▶ **Information supplied**:
§
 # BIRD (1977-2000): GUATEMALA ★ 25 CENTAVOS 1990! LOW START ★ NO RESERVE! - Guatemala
§
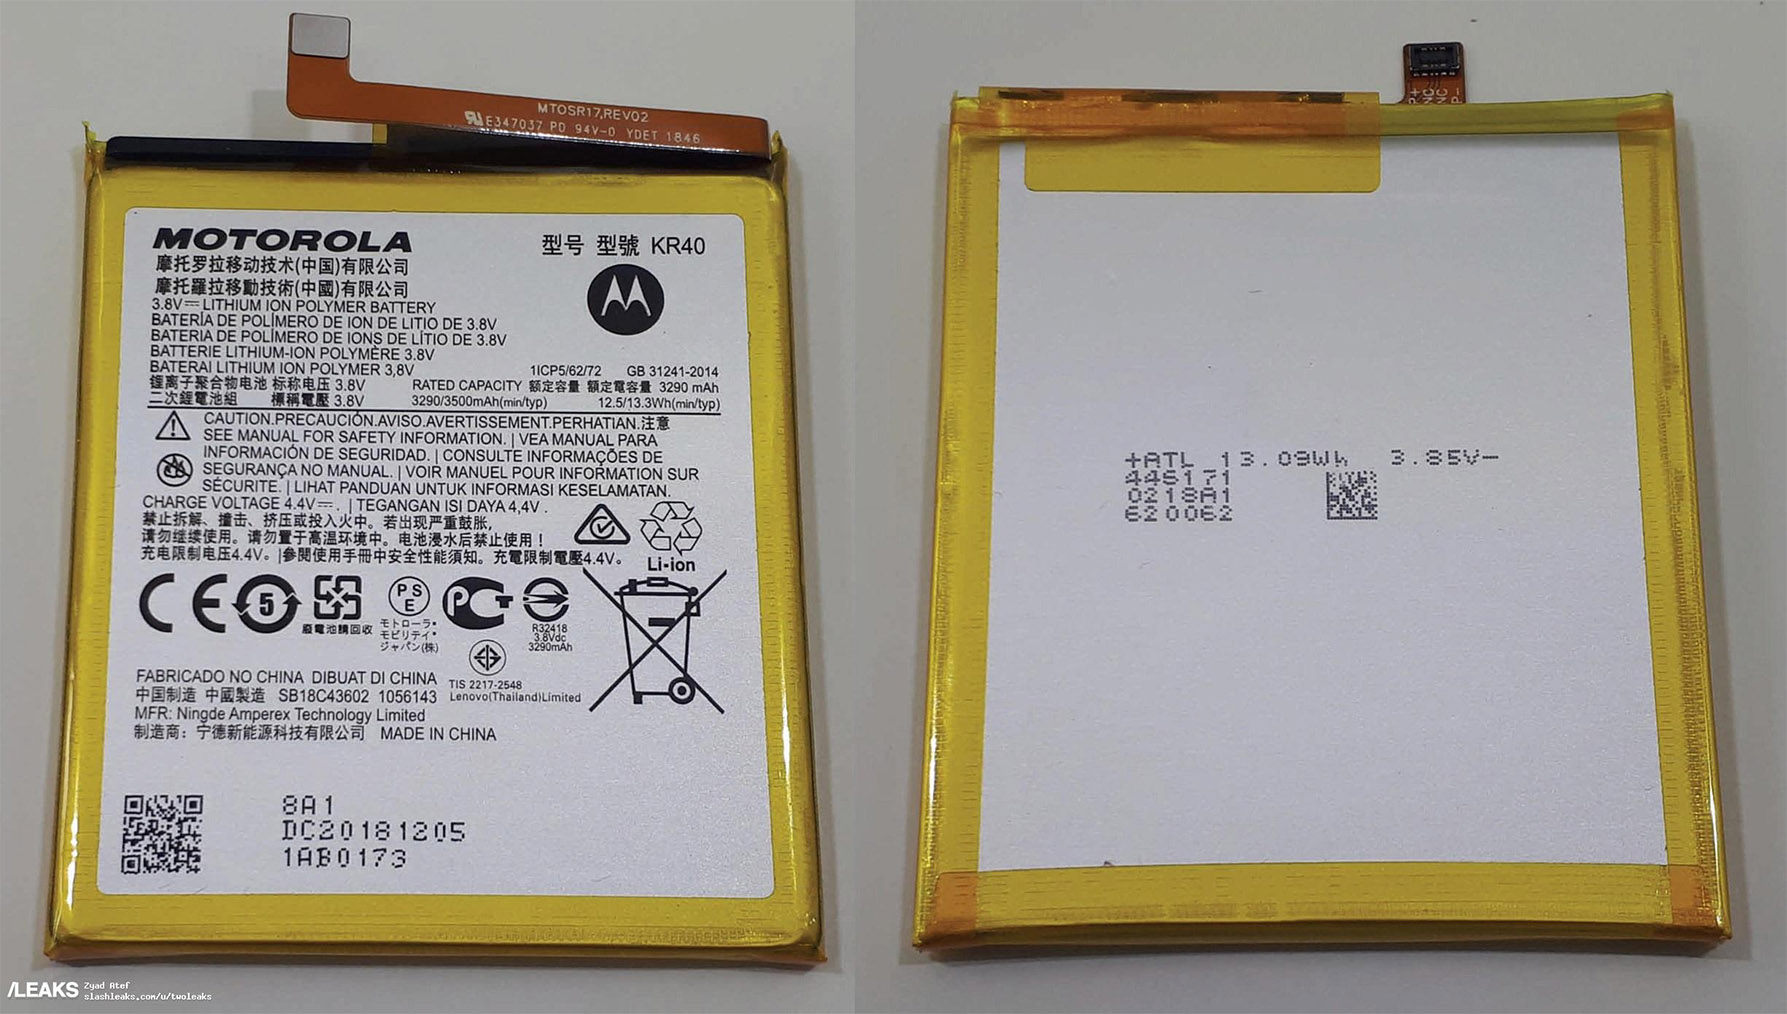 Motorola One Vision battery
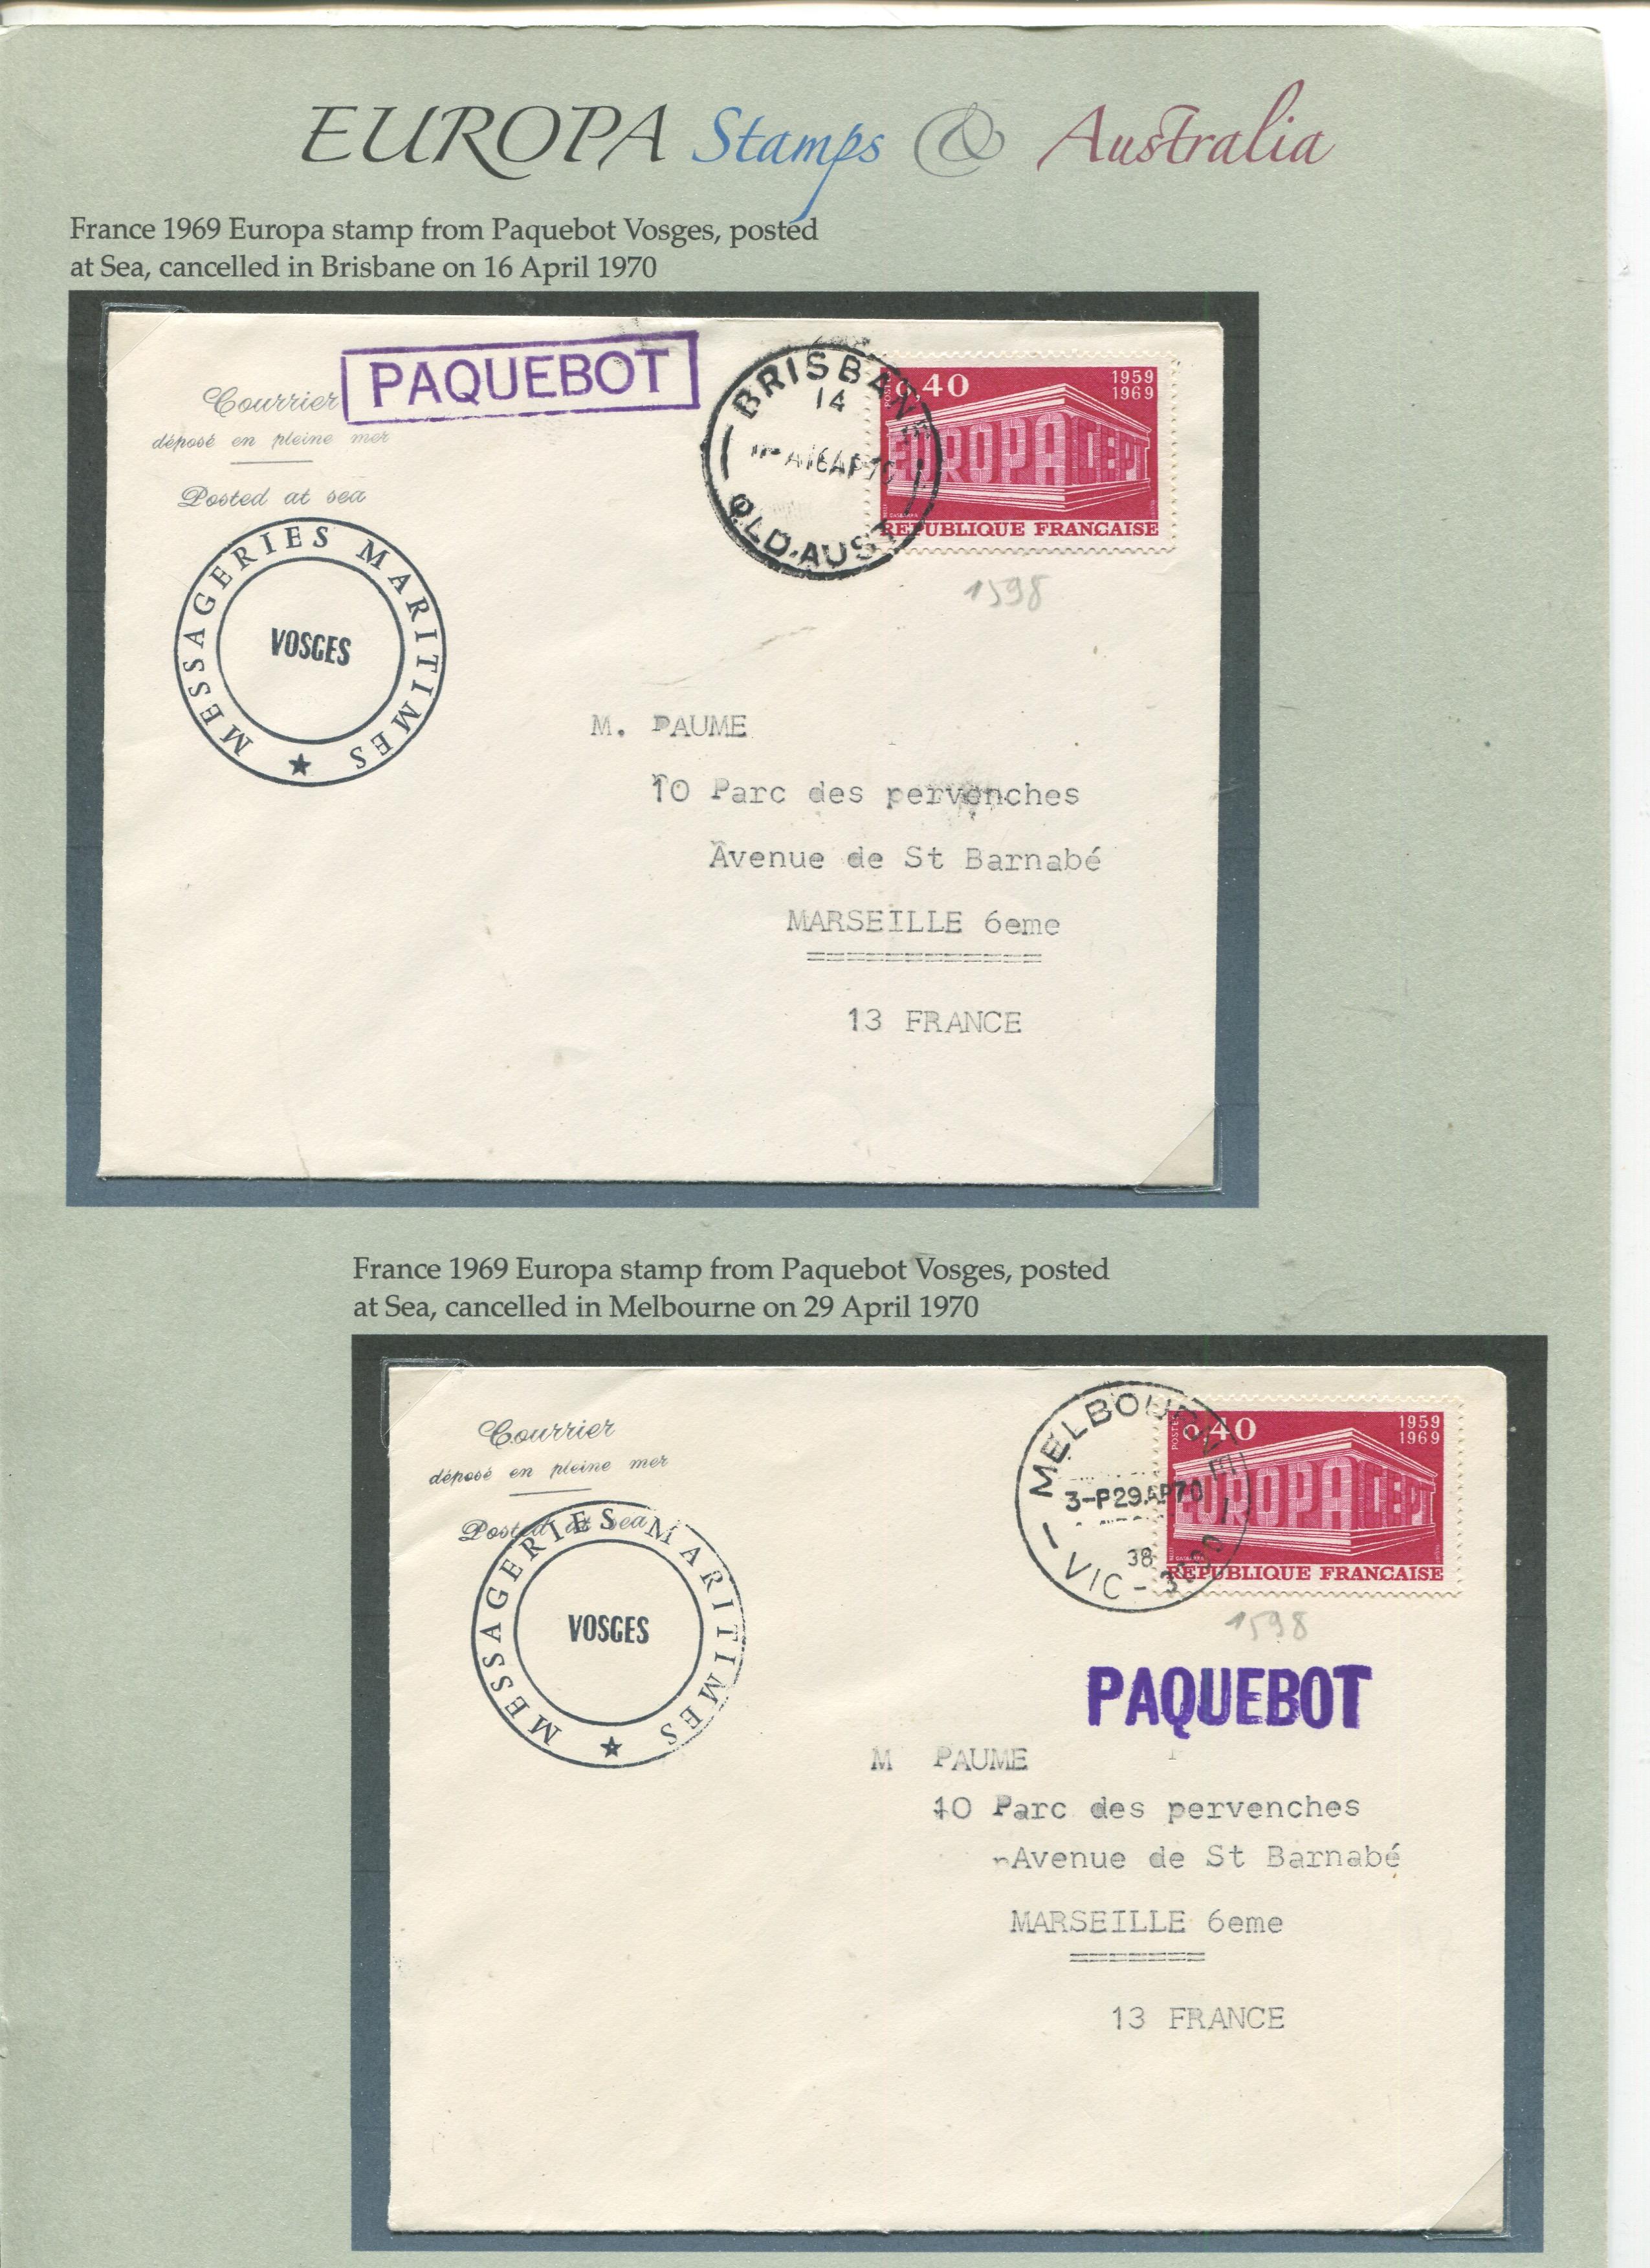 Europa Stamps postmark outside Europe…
§
▶ **Exercise instructions**:
All lines above from the one containing "Motorola One Vision battery" up to and including the one containing "Europa Stamps postmark outside Europe…" are to be set down exactly, and nothing else. Leave images out.

▶ **Exercise answer**:
 Motorola One Vision battery
 Europa Stamps postmark outside Europe…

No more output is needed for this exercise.